### Records provided
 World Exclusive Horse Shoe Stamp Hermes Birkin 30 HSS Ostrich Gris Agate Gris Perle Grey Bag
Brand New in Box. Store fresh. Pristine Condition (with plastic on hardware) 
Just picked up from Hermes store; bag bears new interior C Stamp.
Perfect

--

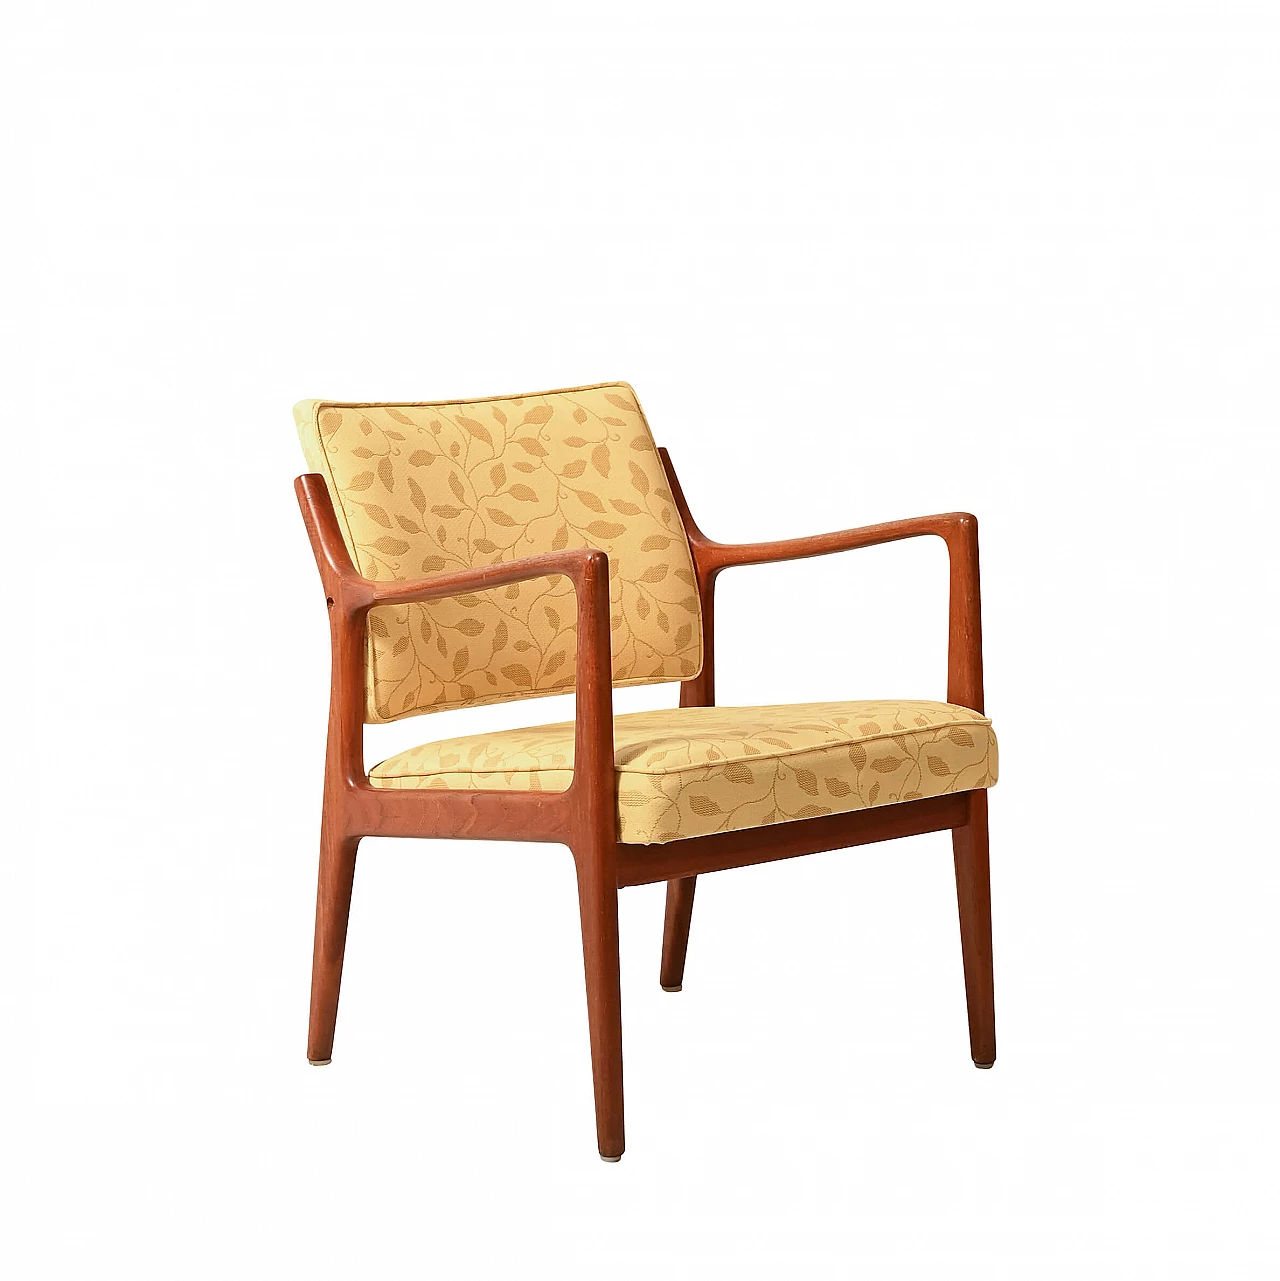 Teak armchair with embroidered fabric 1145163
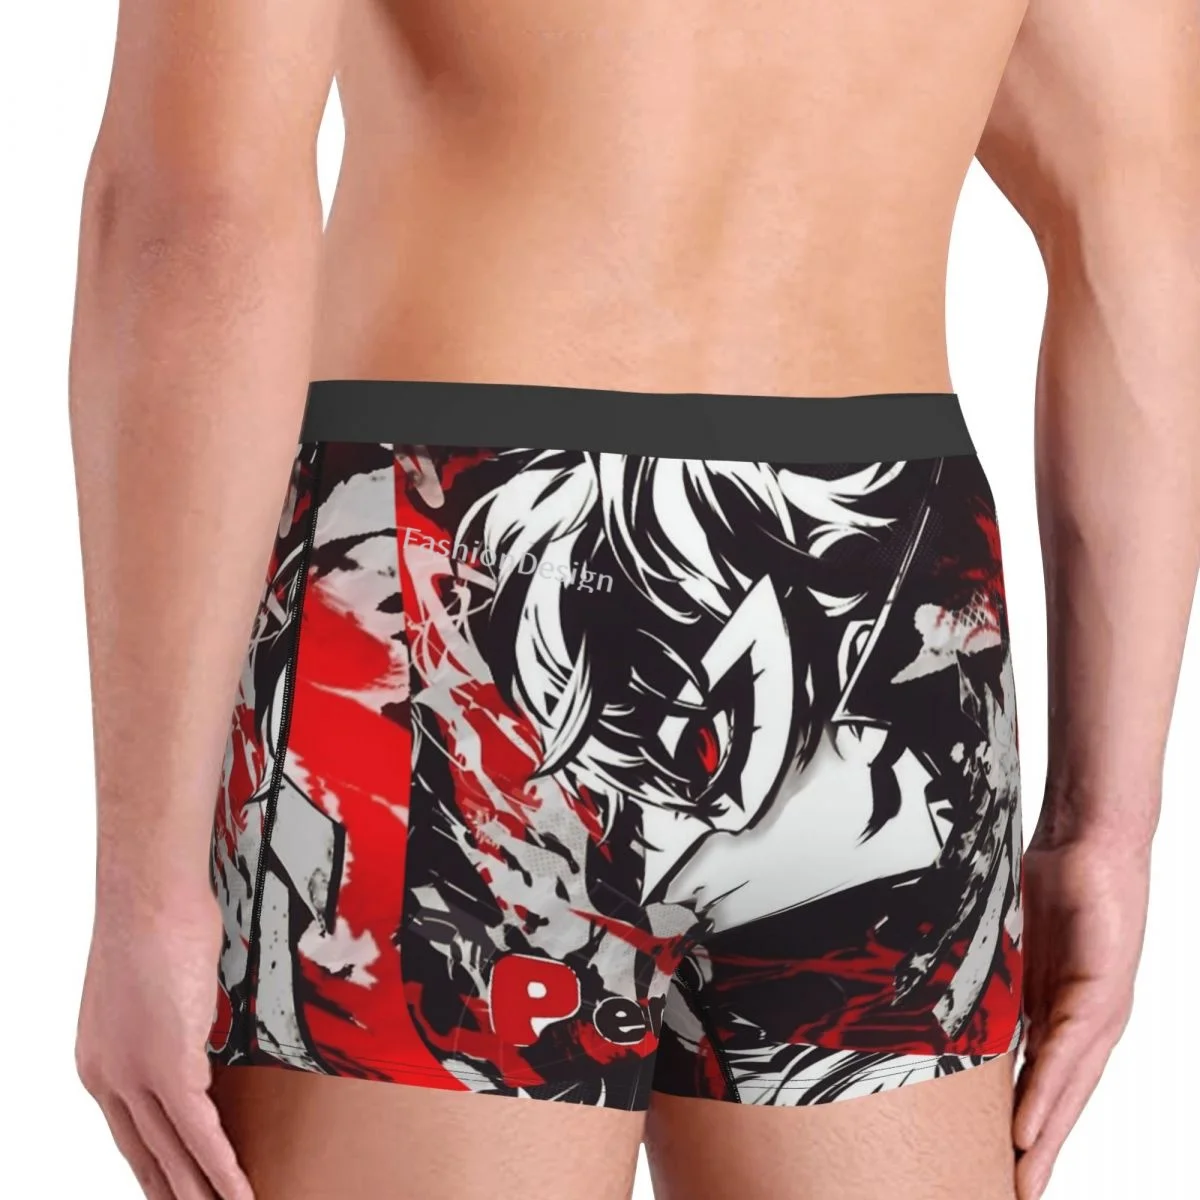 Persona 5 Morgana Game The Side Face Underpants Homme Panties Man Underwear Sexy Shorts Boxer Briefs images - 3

---

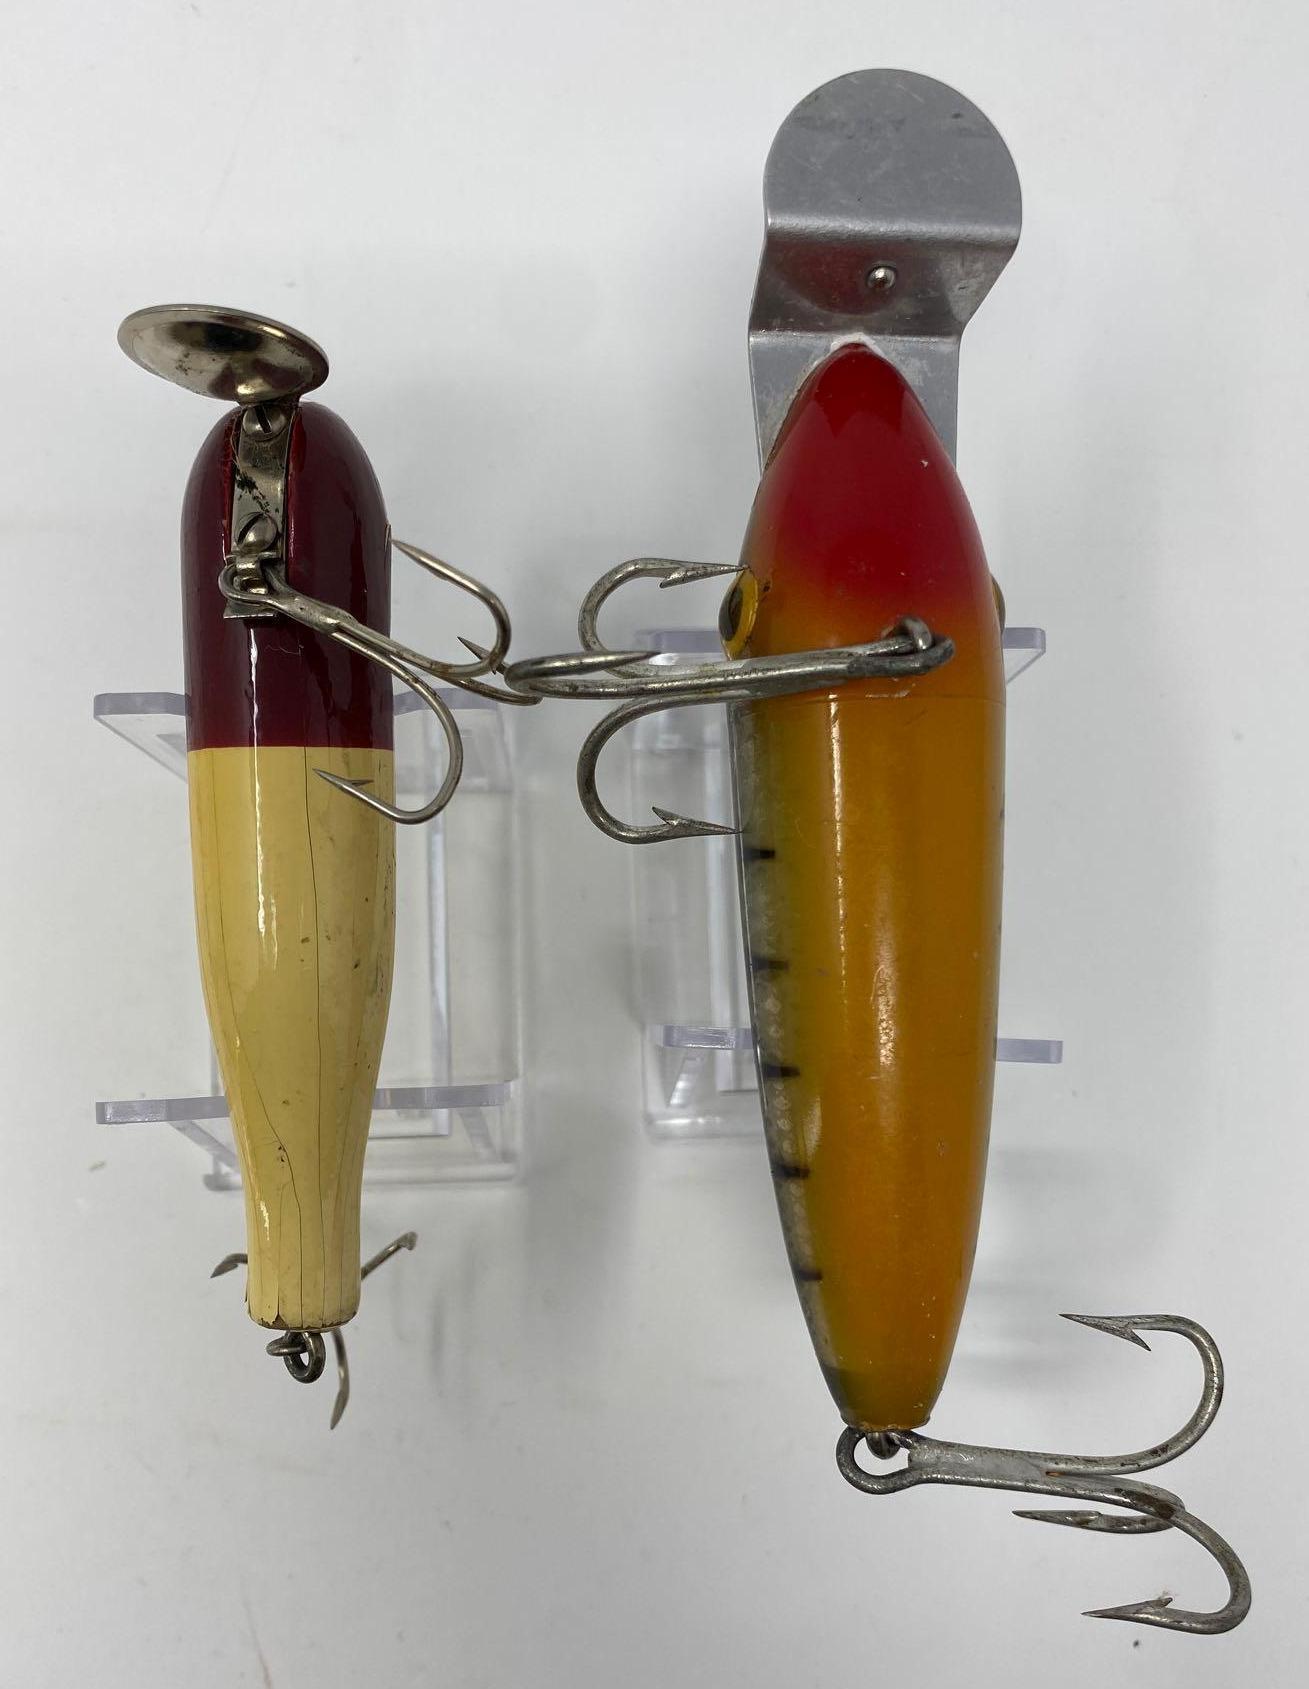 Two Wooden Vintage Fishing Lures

### Action item
Go through the records and pull out each line that includes the word "Hermes".

### Answer
 World Exclusive Horse Shoe Stamp Hermes Birkin 30 HSS Ostrich Gris Agate Gris Perle Grey Bag
Just picked up from Hermes store; bag bears new interior C Stamp.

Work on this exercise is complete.